While shareholders may be upset by this new course of events, things will improve by the middle of the year. Earnings growth should turn “strongly positive” as the company benefits from the lower cotton prices and higher volumes, Mr. Proulx wrote in a report. He has an “outperform” rating on the shares and a price target of $33.75 (U.S.).

Lululemon, meanwhile, must keep expectations high enough to support the lofty value of the shares, which trade at 43 times earnings. In September, management reported a 77 per cent surge in second-quarter profit, but it miffed investors by toning down guidance a notch. The shares are down 25 per cent since then.

For its latest quarter, Lululemon is forecasted to deliver profit growth of 37 per cent. In contrast, the Street thinks that Gildan will report that profit shrank by 16 per cent.

Generally, investors see far more desirability in Lululemon, giving it a valuation more than double that of Gildan, despite the fact that Gildan books $2 of revenue for every $1 by Lululemon. But sentiment swings the other way among analysts. Seventy per cent of those following Gildan rate it a buy, compared with just 36 per cent for Lululemon.

BMO analyst John Morris says business remains strong for Lululemon and the company is pursuing several avenues for new growth, including expanding online sales, exploring international expansion and widening its product lines to including more running wear and new categories, such as cycling and dance apparel.

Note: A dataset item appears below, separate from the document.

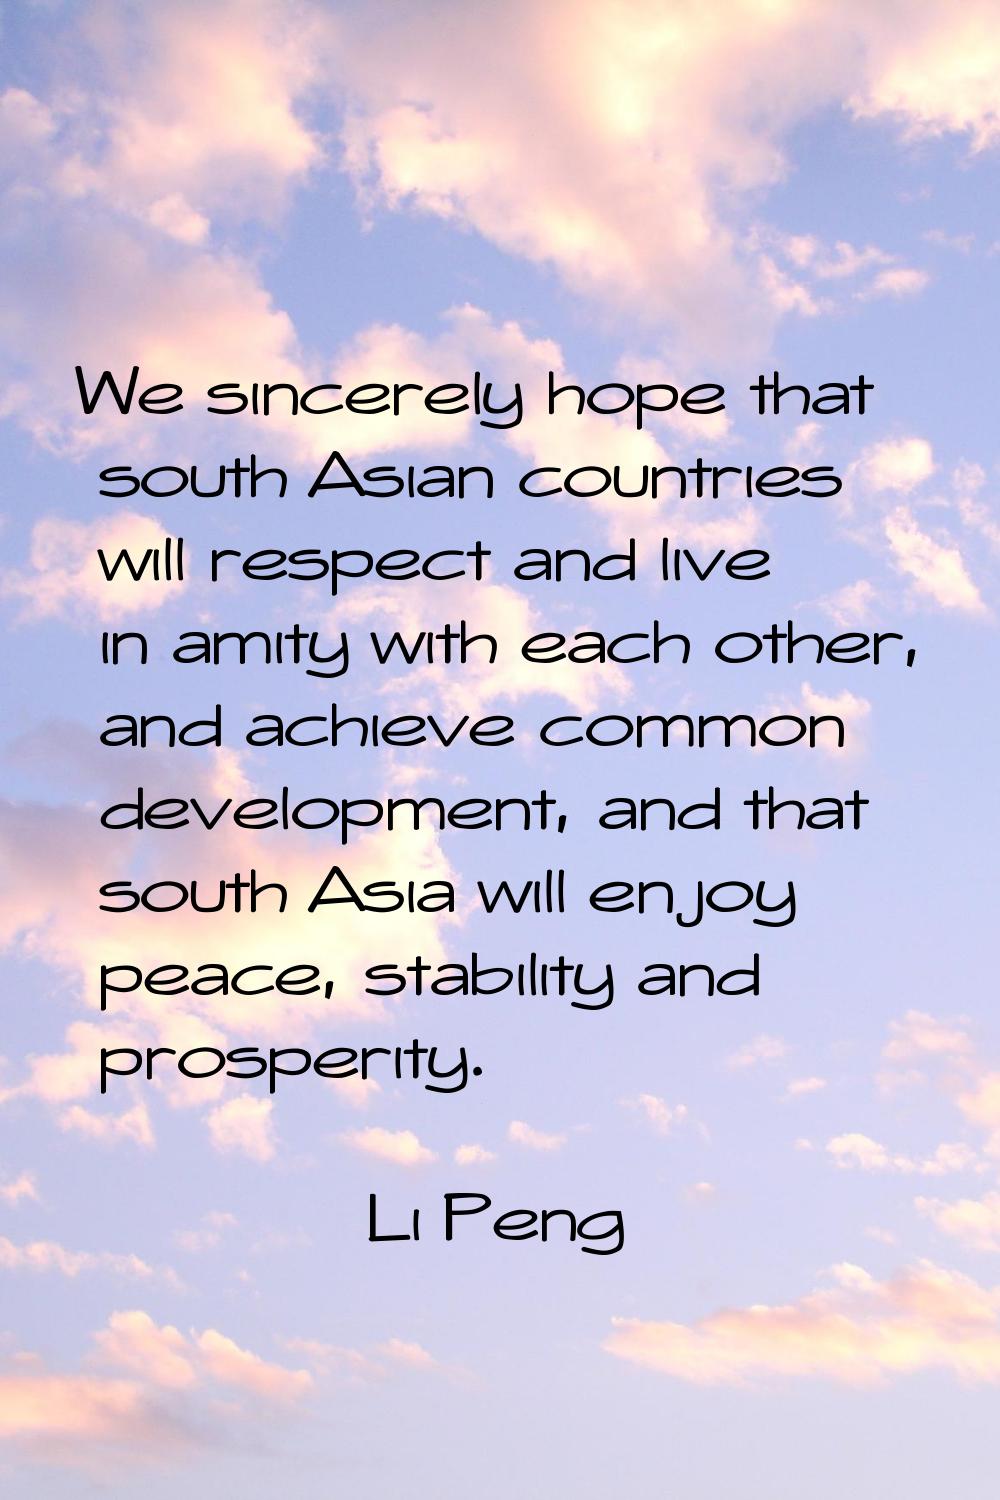 We sincerely hope that south Asian countries will respect and live in amity with each other, and ac
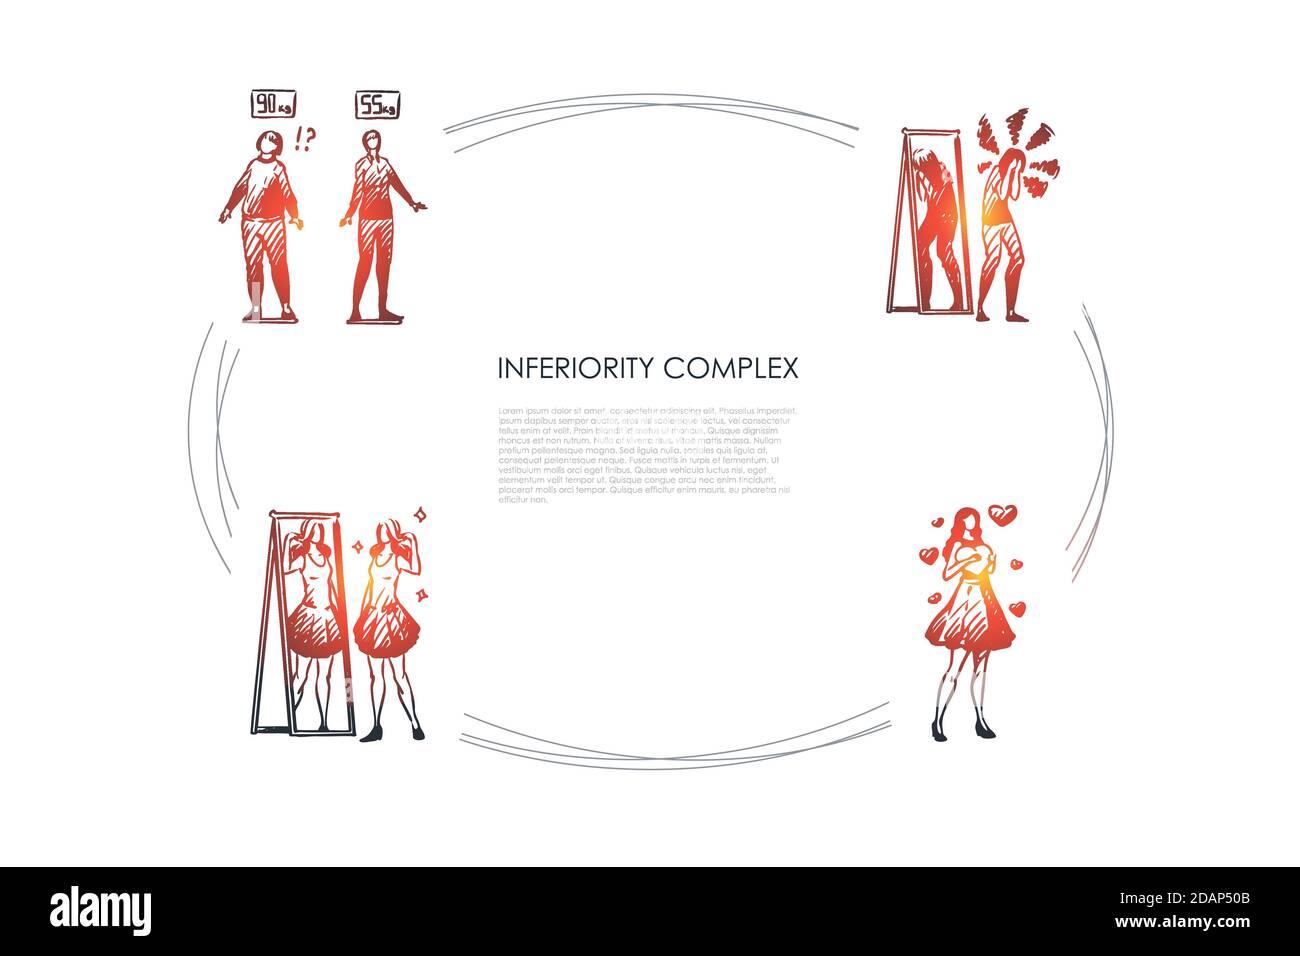 Inferiority complex - women with inferiority complex not satisfied with weight and appearance vector concept set Stock Vector

The retailer has also been doing a better job recently of getting the right sizes and amount of inventory into stores. But at the end of the day, investor expectations are just too high, Mr. Morris says. He rates the shares “market perform” and has a $54 target on them, down from $60 just prior to the release of second-quarter results.

For investors looking at these two stocks, the question is one of style. At a time of growing economic concerns, do they favour a retailer built on a brand that is highly valued for its intangible attributes? Or do they prefer a dividend-paying manufacturer that boasts low-cost factories and a diverse group of retail customers?